Upon arriving at PMH, we had all the usual checks done and thankfully Xavier’s nasal gastric tube was taken out and after feeding well for the first time, we were discharged home the next afternoon. Ironically this day, the day we arrived home was the same day I was originally booked in for a caesarian to have Xavier. This was the start of our new life together as a family of four, and was also the first day Xavier didn’t have any monitors or tubes in and we got to hold and cuddle him just like any other normal baby.
For me, as well as dealing with the physical issues of recovering from the birth and shock, I found myself overwhelmed by some unexpected emotions during this journey. Feelings of being out of control and in a dream-like state consumed me often. Loneliness, anxiety and guilt were such powerful emotions I felt when we found out our baby had a problem after birth. I realise now all these hurt feelings are part of the accepting and healing process. We did ask ourselves, as anyone does faced with such unexpected challenges – why were we the ones chosen to go through this heartache? We had a rough first 2 years of our first son’s life with feeding issues from a late detected tongue tie, severe reflux, UTIs, a broken wrist on Christmas eve, several food allergies, asthma, dermatitis and constant sleepless nights – but boy has that now been put into perspective. We are just so grateful to now have two loving healthy boys.
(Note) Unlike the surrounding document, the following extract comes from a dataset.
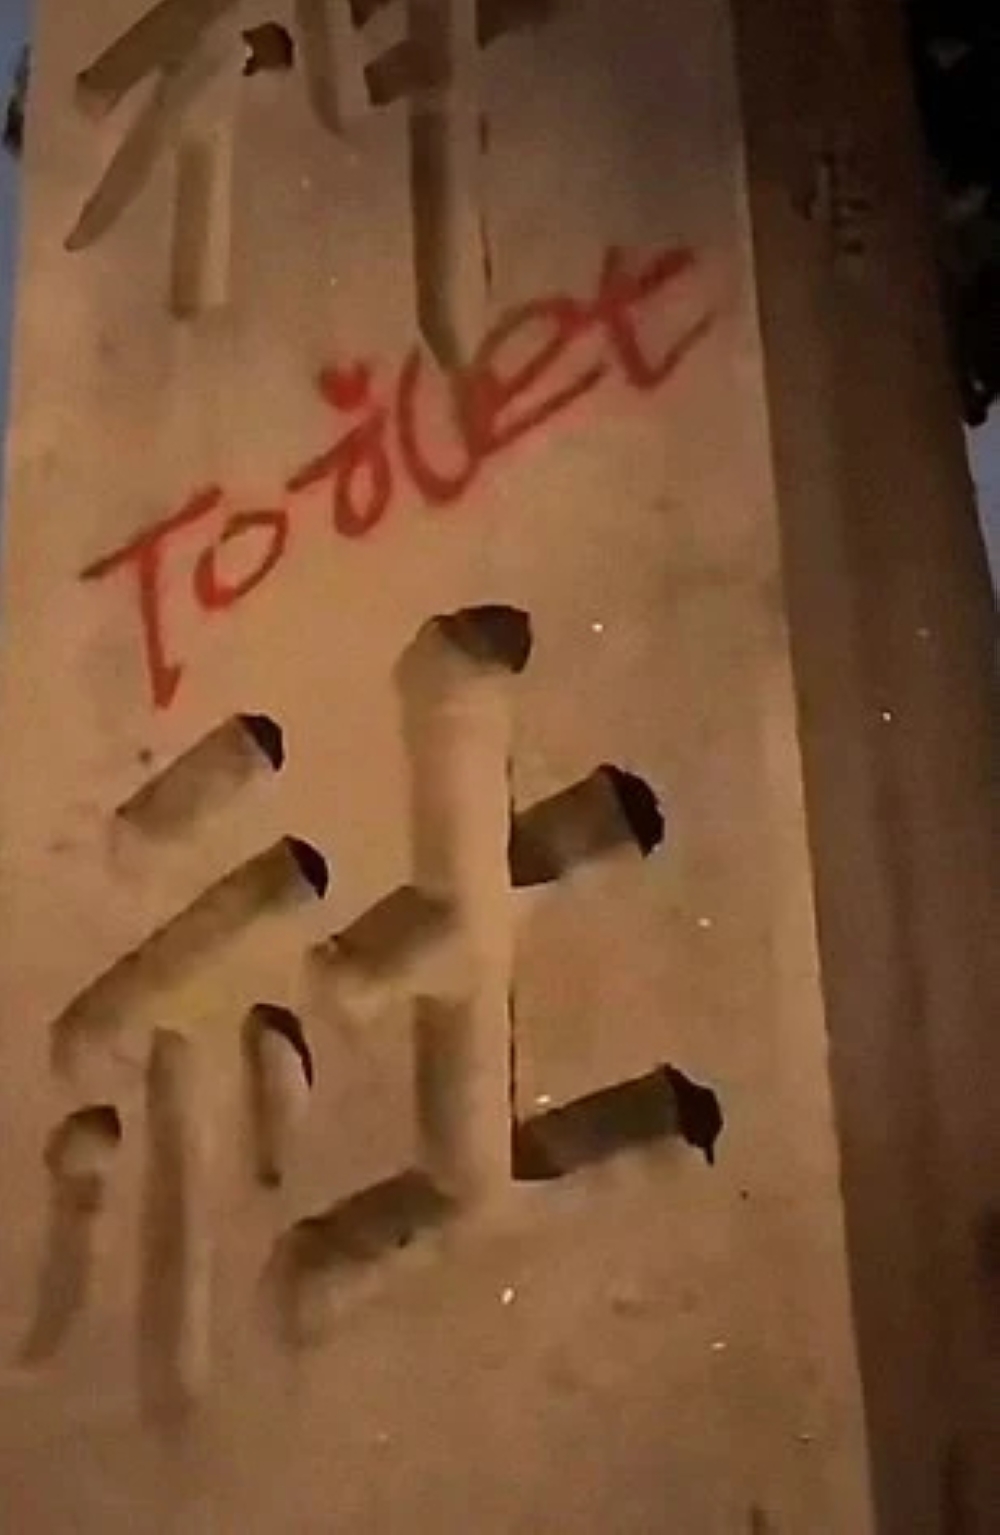 Jiang Zhuojun, together with Dong Guangming, allegedly spray-painted the word ‘toilet’ in red on a pillar of the shrine on May 31 while Xu Laiyu filmed them, a Tokyo metropolitan police spokesman said. — Picture from social media

I still grieve for all those magical first moments I felt like I missed out on, like not being able to hold Xavier once he was born, not attempting that first breastfeed in the hours after he was born, and not having Blake meet his baby brother for the first time as anticipated in our room and exchanging “welcome gifts”. I also reflect on being lonely in the hospital room no longer being pregnant and without my baby, listening to all the other babies crying around me; the agonising wait to hold Xavier; Blake crying to see his baby brother again and feeling helpless that he’s missed out on all the initial excitement we should have had as a family; receiving sorrow messages instead of happy congratulatory messages; being overwhelmed with shock and sadness instead of joy and excitement; and ultimately knowing my son was in pain and constantly worrying whether he would survive. I know I’m not alone when I say these things, so many other mothers have experienced this pain brought by having a premature sick baby.
Xavier’s condition is a real paradox. Without the surgery, he would have died. However, once the surgery is done – the heart is fixed, and he should live a normal life. We are so thankful for this and will forever be grateful to all those involved who saved his life.